Myth 4 – Some fancy exercise machine burns more calories than any other exercise.
FACT – One thing that many people seem to be confused about is how many calories are expended during different types of exercise. I receive lots of questions regarding how many calories are burned with fancy exercise machines or certain unusual exercises that are supposed to burn lots of calories. Don’t be fooled by this stuff! Here’s the bottom line – caloric expenditure is directly related to the amount of effort an activity requires. In general, the more difficult it feels, the more calories you burn. The easier it feels the fewer calories you burn. That’s it! I don’t care how fancy or expensive the equipment is, the harder you work the more calories you burn.
Myth 5 – Body Fat comes from Fatty Foods!
FACT – Fat in foods does not necessarily equal fat on your body. Fat comes from calories; it doesn’t matter if those calories come from a burger or a salad. Obviously, it’s better to obtain calories from the salad, however, if you eat more calories than your body needs, it will store them as fat. To keep off body fat, don’t overeat any type of food. Instead, eat small and balanced meals.
Myth 6 – Starving helps lose weight or Body Fat.
FACT -It’s true that when you don’t eat enough calories, your body will break down stored fat to use as energy.

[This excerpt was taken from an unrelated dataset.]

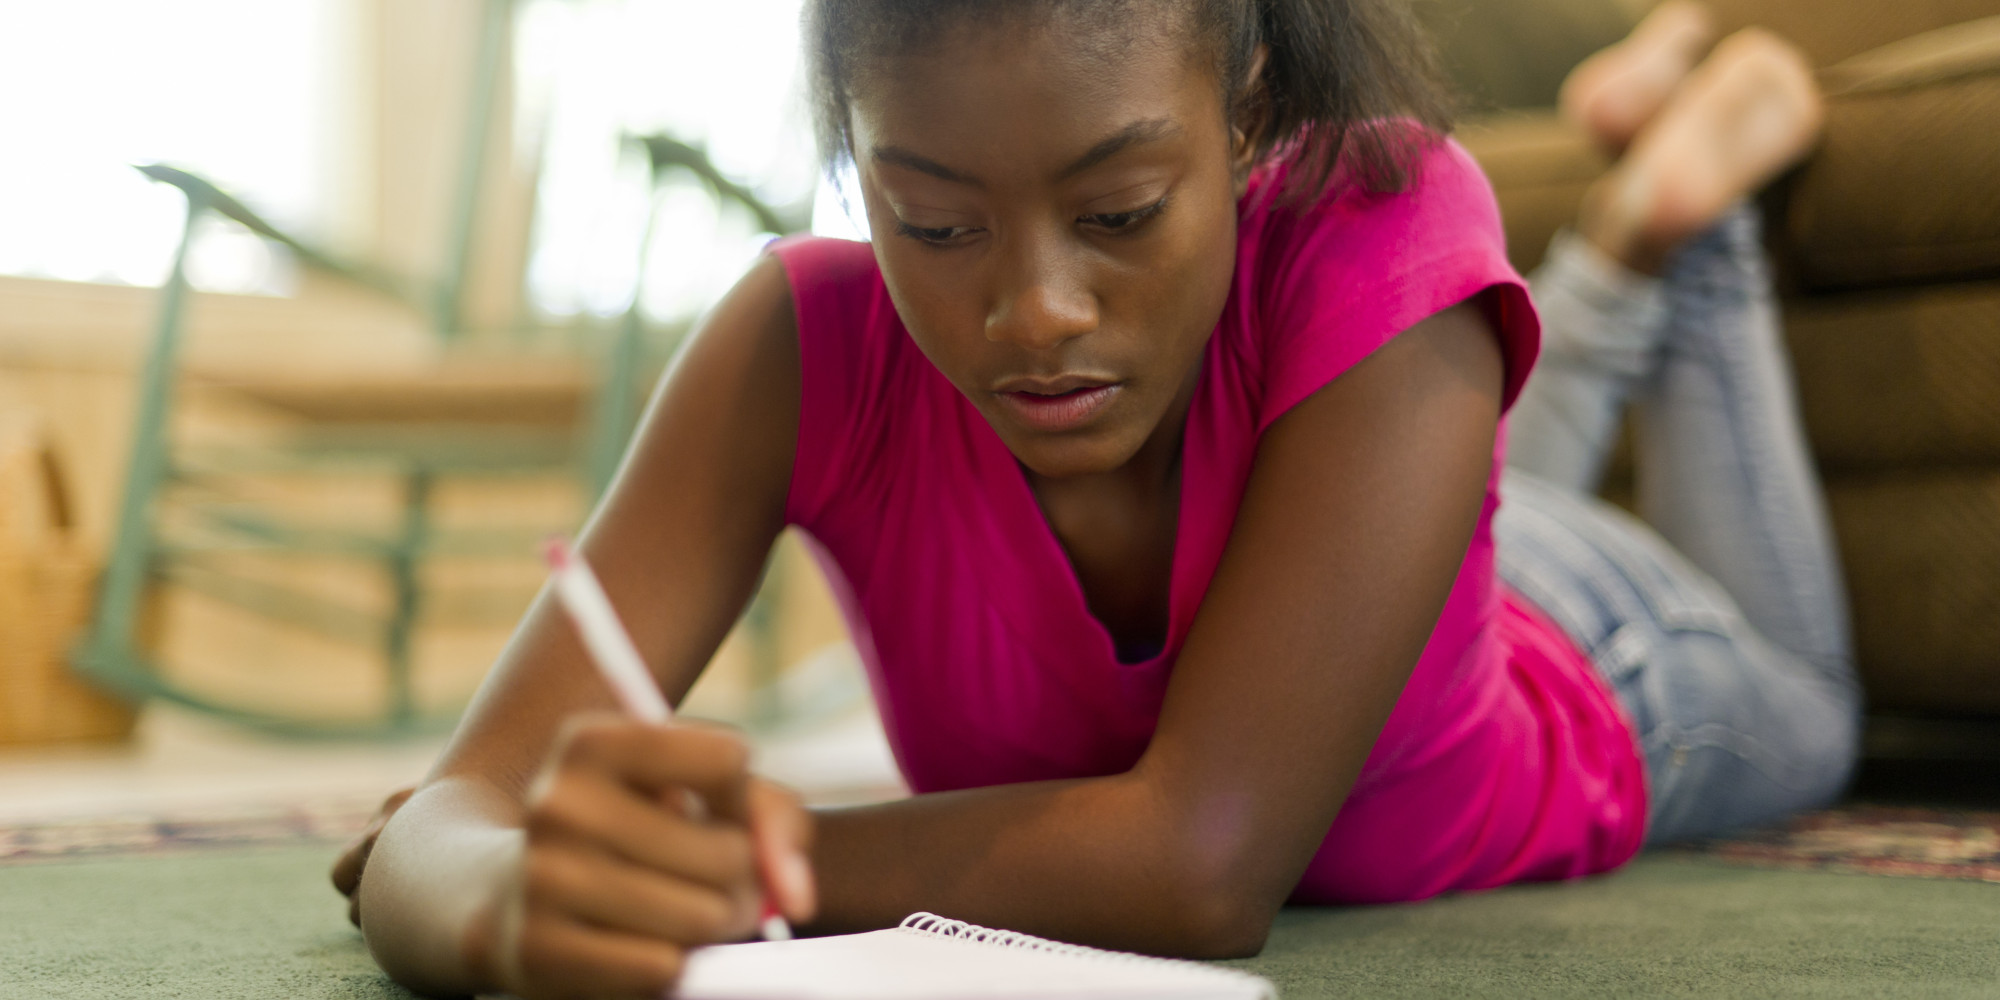 http://atlantablackstar.com/wp-content/uploads/2015/01/o-BLACK-TEEN-GIRL-WRITING-facebook1.jpg

However, when you go off your diet and start to eat normally again, you’ll gain all that weight back. This happens because depriving yourself of necessary daily calories puts you in physical “starvation mode.” Your body will think that there isn’t enough food available and that you’re starving. When you go off your diet, your body will store even more fat in reserve against future lean periods. You’ll also be more likely to overeat during this period.
The basic problem is that while it’s true that exercise burns calories and that you must burn calories to lose weight, exercise has another effect: it can stimulate hunger. That causes us to eat more, which in turn can negate the weight-loss benefits we just accrued. Exercise, in other words, isn’t necessarily helping us lose weight. It may even be making it harder. We are born needing to eat, but not knowing how. Our sensations of pleasure and pain guide us in popping in and spitting out. Over time, as we move towards what gives us the pleasure of being nourished and away from what doesn’t, we create and become the patterns of sensation and response that focus and refine what it is we want through our experiences. That is why I even insist in the main page “Every one deserves to be healthy by experience…” We not only learn what to desire, we also learn how to sense and respond to our desire when it dwells in us.